In at night my dead mother appears wanting soup we see a shift in poetic gear, moving from a more remote "observation" of the corsetière to a distinct "personal" voice. This is definitely Frankie McMillan at her most surreal, where "I" is dispatched on a quest for soup by the dead mother. I love the dream-sequence feel of this second poem, which is also – another distinctive Frankie McMillan element – very cinematographic, especially when it morphs into actual cinema going:

"at night my dead mother appears wanting soup 

I search the town for ox tails 
even the movie houses

there’s Clint Eastwood placing 
a bridle on his horse"

Now the poem embarks fully on Frankie's signature mix of the surreal with humour and more than a dash of the absurd, as "I" seeks guidance of Clint Eastwood and is dispatched to slay the required ox with a Colt while "time is running out."

Yet however slantwise, Emily Dickinson's stricture was that we must "tell all the truth" – and there is truth here. As readers, we experience it in that sense of the dream mission to connect with a loved one (in this case by providing soup) – a mission that can never, however close we may come, quite be fulfilled – that often follows a death. This intermingled sense of desire with impossibility is conveyed through: 

"you see light leak around the edges 
the way you might if trussed up 
in a haybarn, your eyes fixed 
towards the door..."

and the concluding regret, however whimsical, of:

"you do what you can – hunger
merits our grief

if only you’d paid attention
at the movies, if only you’d learned

how to shoot those ox"

If only we had, and could, indeed.
I would like to thank Frankie for allowing me to feature both Hour glass and at night my dead mother appears wanting soup with you today and hope you enjoy reading the poems as much as I have enjoyed sharing them with you.

Frankie McMillan is the author of The Bag Lady’s Picnic and other stories, and a poetry collection, Dressing for the Cannibals. In 2005 she was awarded the Creative NZ Todd Bursary. In 2008 and 2009 her work was selected for the Best NZ Fiction anthologies. Other awards include winner of the New Zealand Poetry Society International Competition (2009) and the NZ National Flash Fiction award (2013). In 2014 she held an Ursula Bethell writing residency at Canterbury University.
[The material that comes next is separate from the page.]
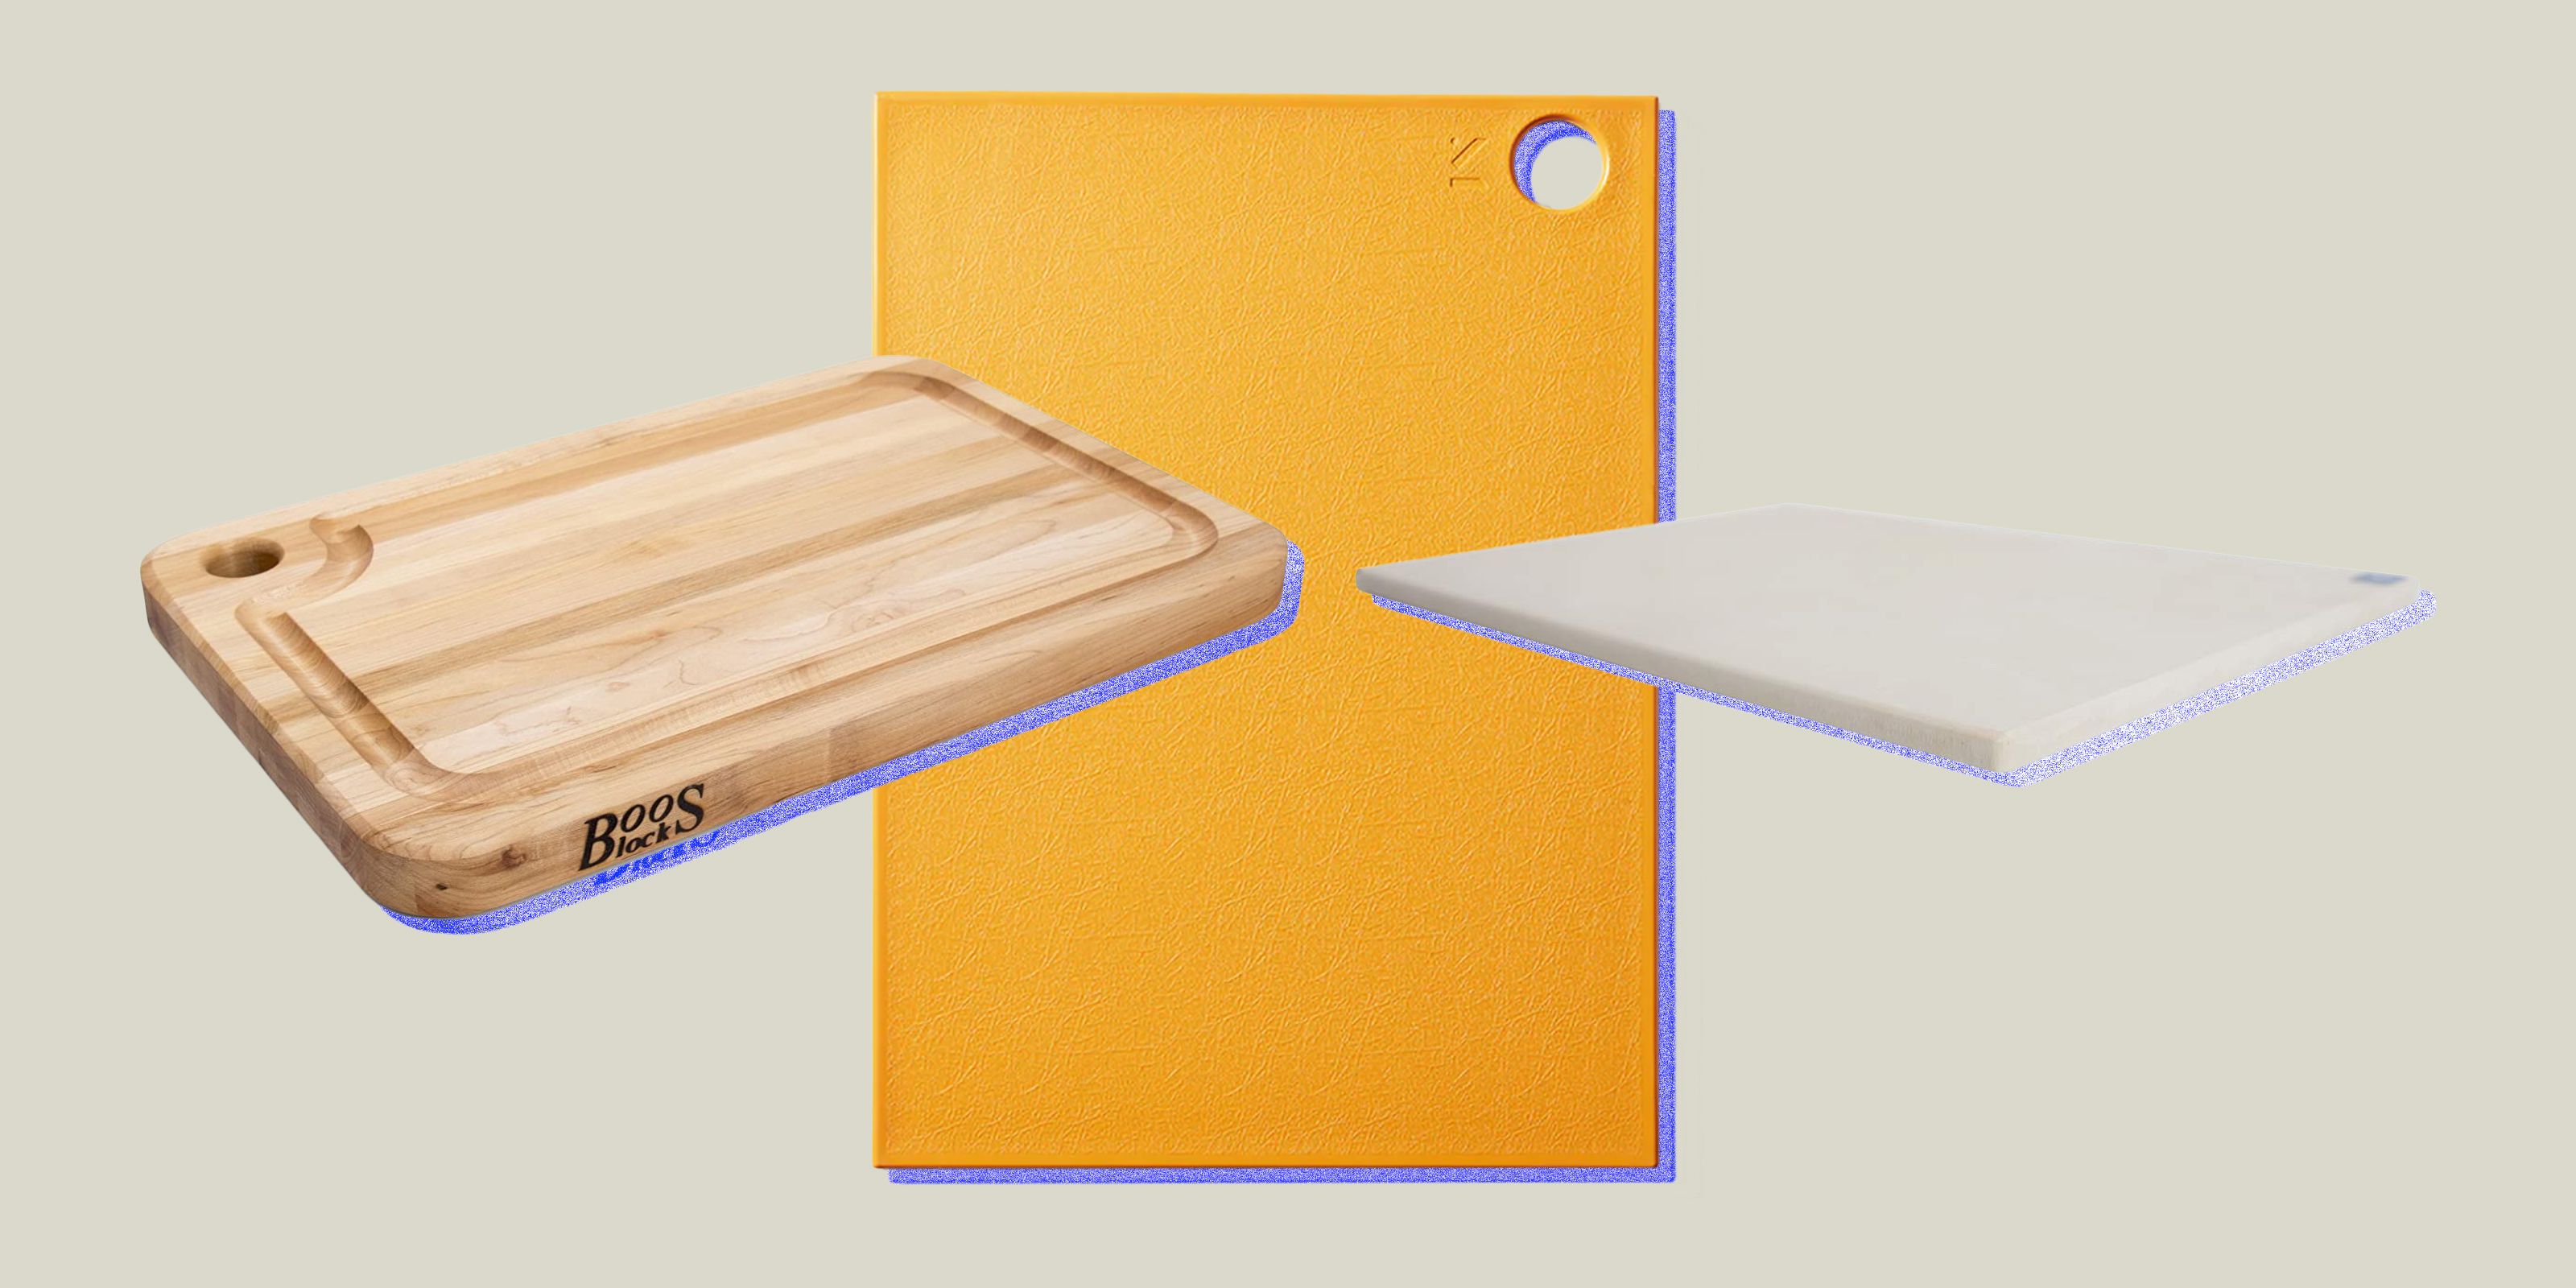 Cutting Boards: The Trendy Accessory We're All Putting on Display

Her next book of poetry, There Are No Horses in Heaven is to be published by CUP in March, 2015.

Today's editor, Helen Lowe, is a novelist, poet and interviewer whose work has been published, broadcast and anthologized in New Zealand and internationally. Her first novel, Thornspell, was published to critical praise in 2008, and her second, The Heir of Night (The Wall Of Night Series, Book One) won the Gemmell Morningstar Award 2012. The sequel, The Gathering Of The Lost, was shortlisted for the Gemmell Legend Award in 2013. Helen's fourth novel, Daughter Of Blood, (The Wall Of Night Series, Book Three) is forthcoming in January 2016. She posts regularly on her Helen Lowe on Anything, Really blog and is also active on Twitter: @helenl0we

In addition to today's feature be sure to check out the wonderful poems featured by the other Tuesday Poets, using our blog roll to the left of this posting. 


Helen McKinlay said...

Absolutely love them both! Thanks for posting these today Helen and Frankie.

Claire Beynon said...

Fine pairings - the two poems, Frankie the poet & Helen editor, bustles and a haybarn, cloth and 'your mother in a doorway with her bowl'. . . Thank you both.

Michelle Elvy said...

Do I sound silly if I say I love love love Frankie's words? '

Thank you for sharing, Helen! Must re-share...

Kathleen Jones said...

Really love these - thank you Helen, for posting.